Provided data:
######
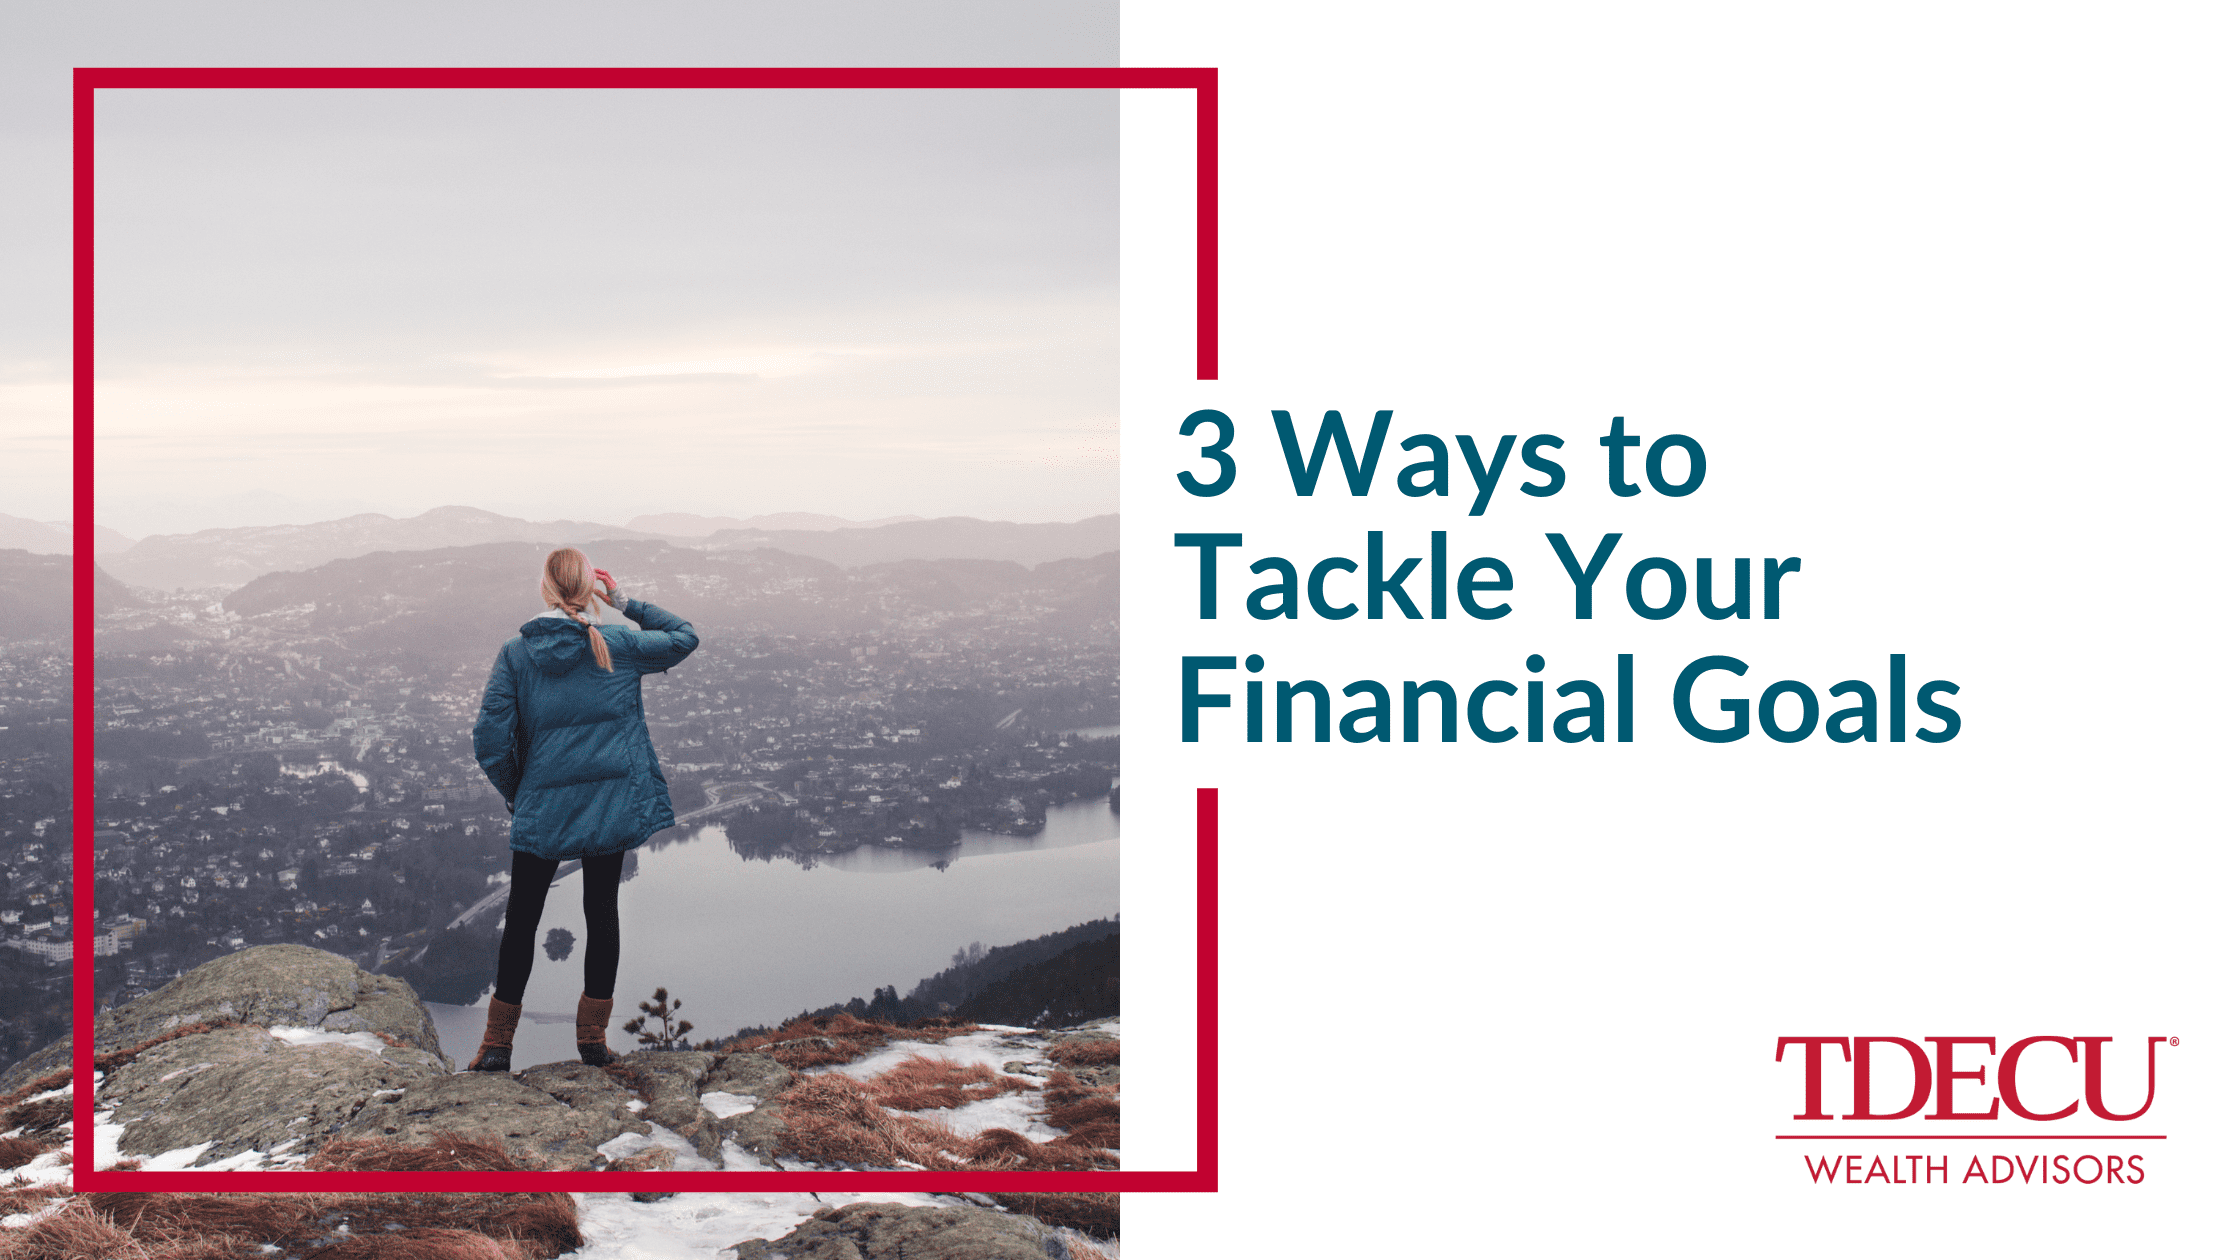 3 Ways to Tackle Your Financial Goals
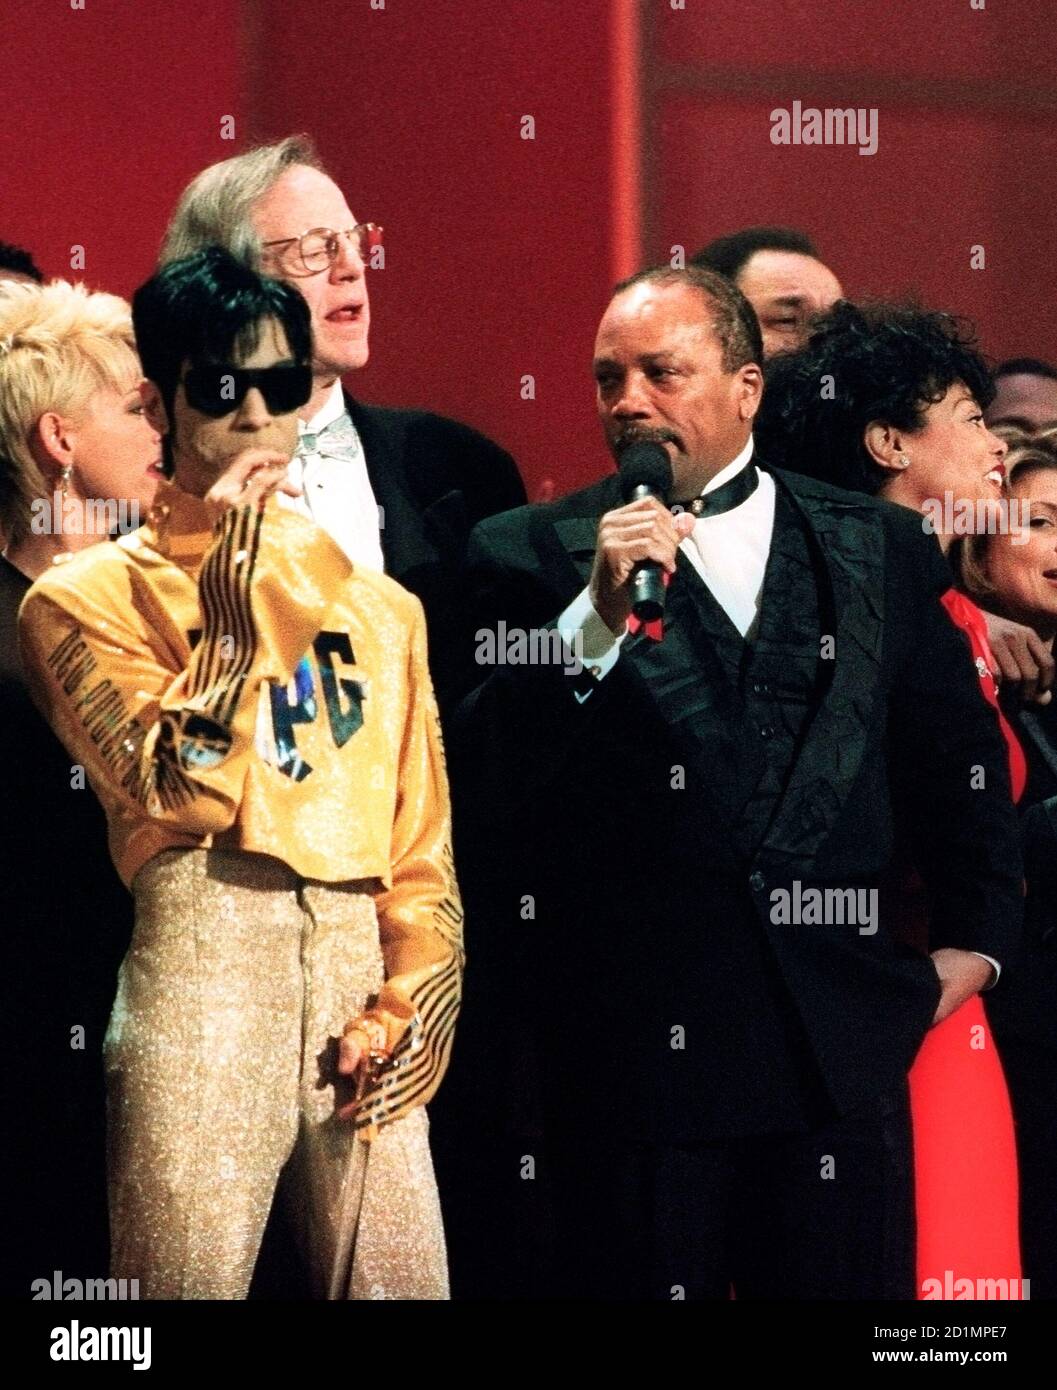 The artist formerly known as Prince (L) sucks on a lolipop as Quincy Jones and others sing 'We Are the World' January 30, 1995 at the American Music Awards.  It was the 10th anniversary of the recording of the song, which raised money for African famine relief.  Prince, who has not revealed his new name, was presented the Award of Merit.  REUTERS/Lee Celano (UNITED STATES)  BEST QUALITY AVAILABLE Stock Photo
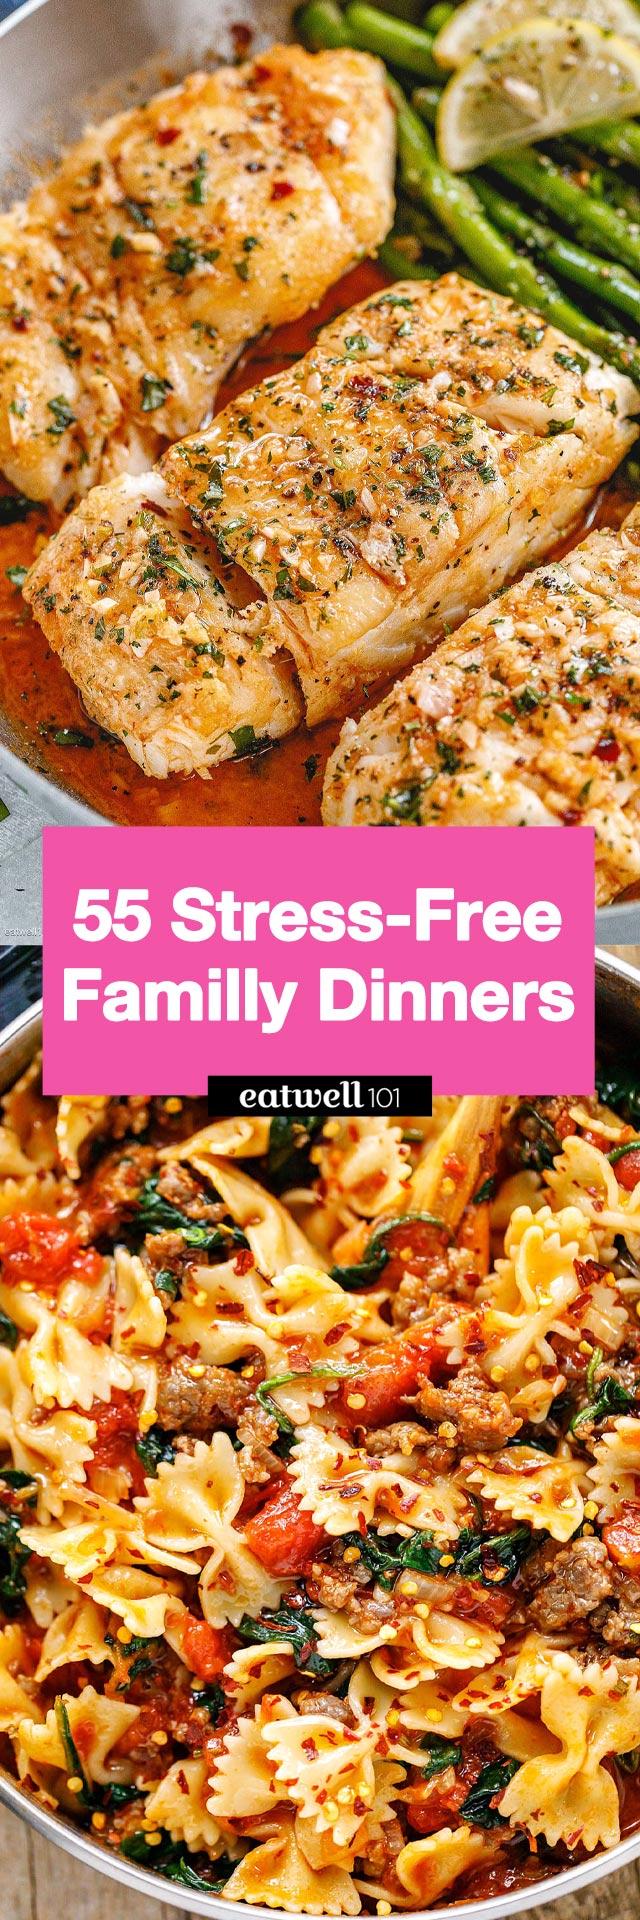 Family Dinner Recipes - #dinner #weeknight #eatwell101 #recipes - Make weeknight dinners a breeze with these cheap and easy dinner recipes! 
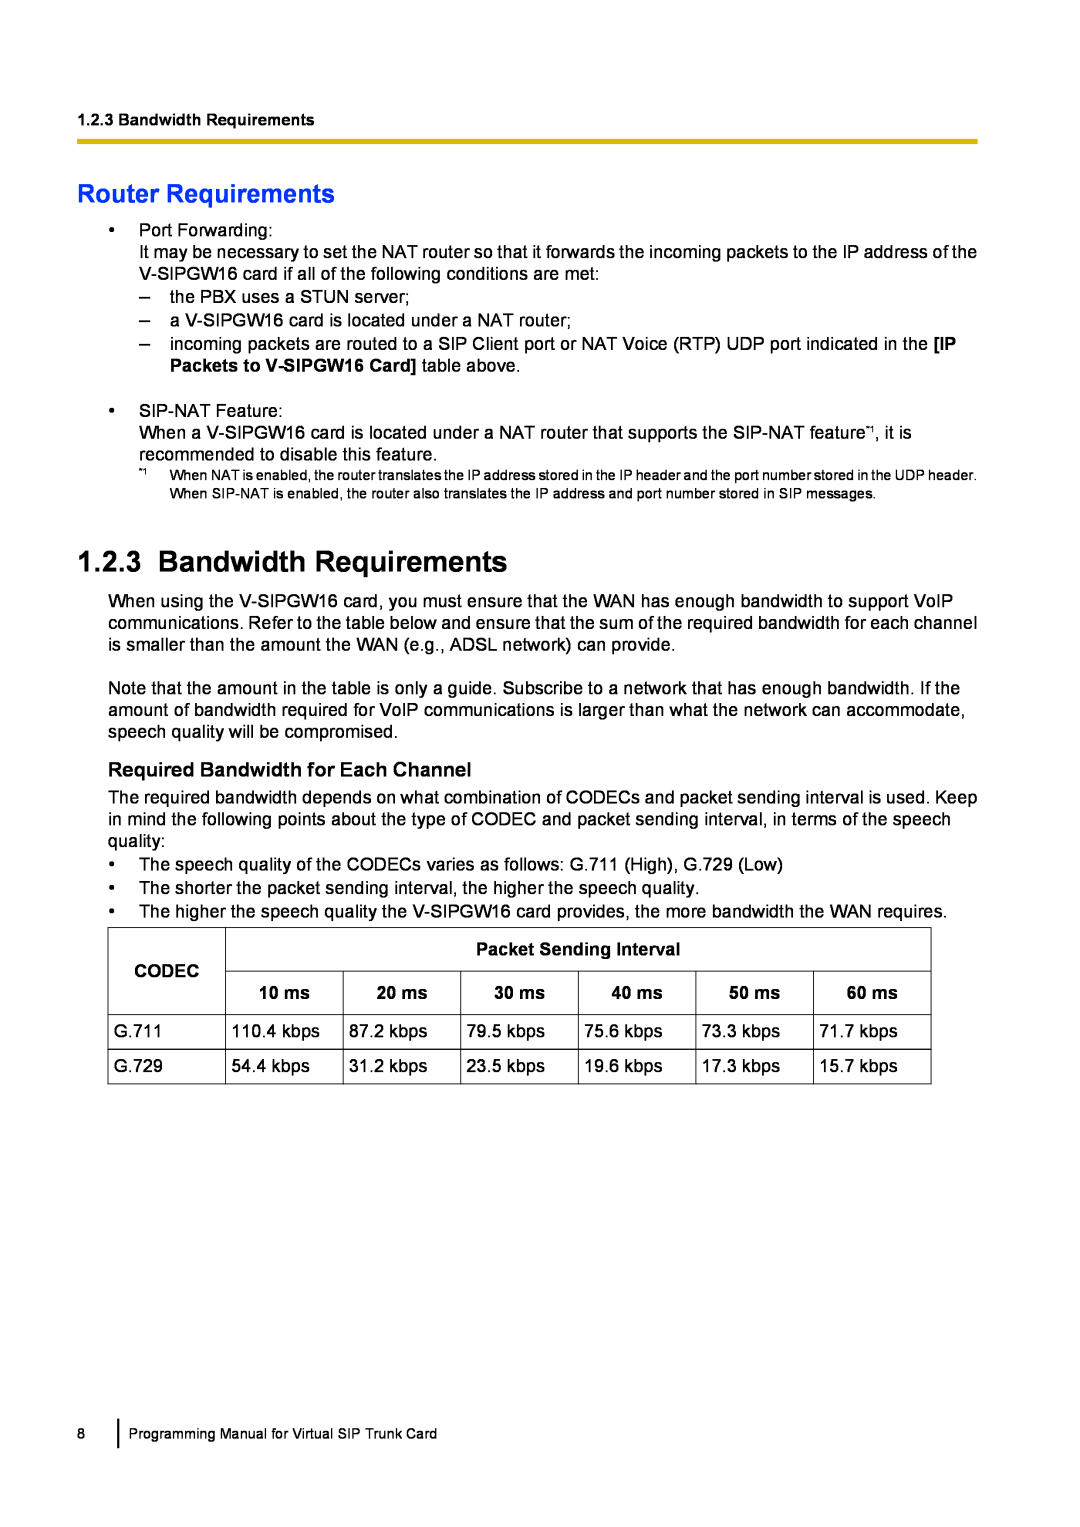 Panasonic KX-TDE100 manual Bandwidth Requirements, Router Requirements, Codec, Packet Sending Interval, 10 ms, 20 ms, 30 ms
######
Exercise details: In your reply, please print exactly the lines from the one with "Family Dinner Recipes" through the final line of the listing above, both included, and no pictures.

Result of the task:
 Family Dinner Recipes - #dinner #weeknight #eatwell101 #recipes - Make weeknight dinners a breeze with these cheap and easy dinner recipes! 
 Panasonic KX-TDE100 manual Bandwidth Requirements, Router Requirements, Codec, Packet Sending Interval, 10 ms, 20 ms, 30 ms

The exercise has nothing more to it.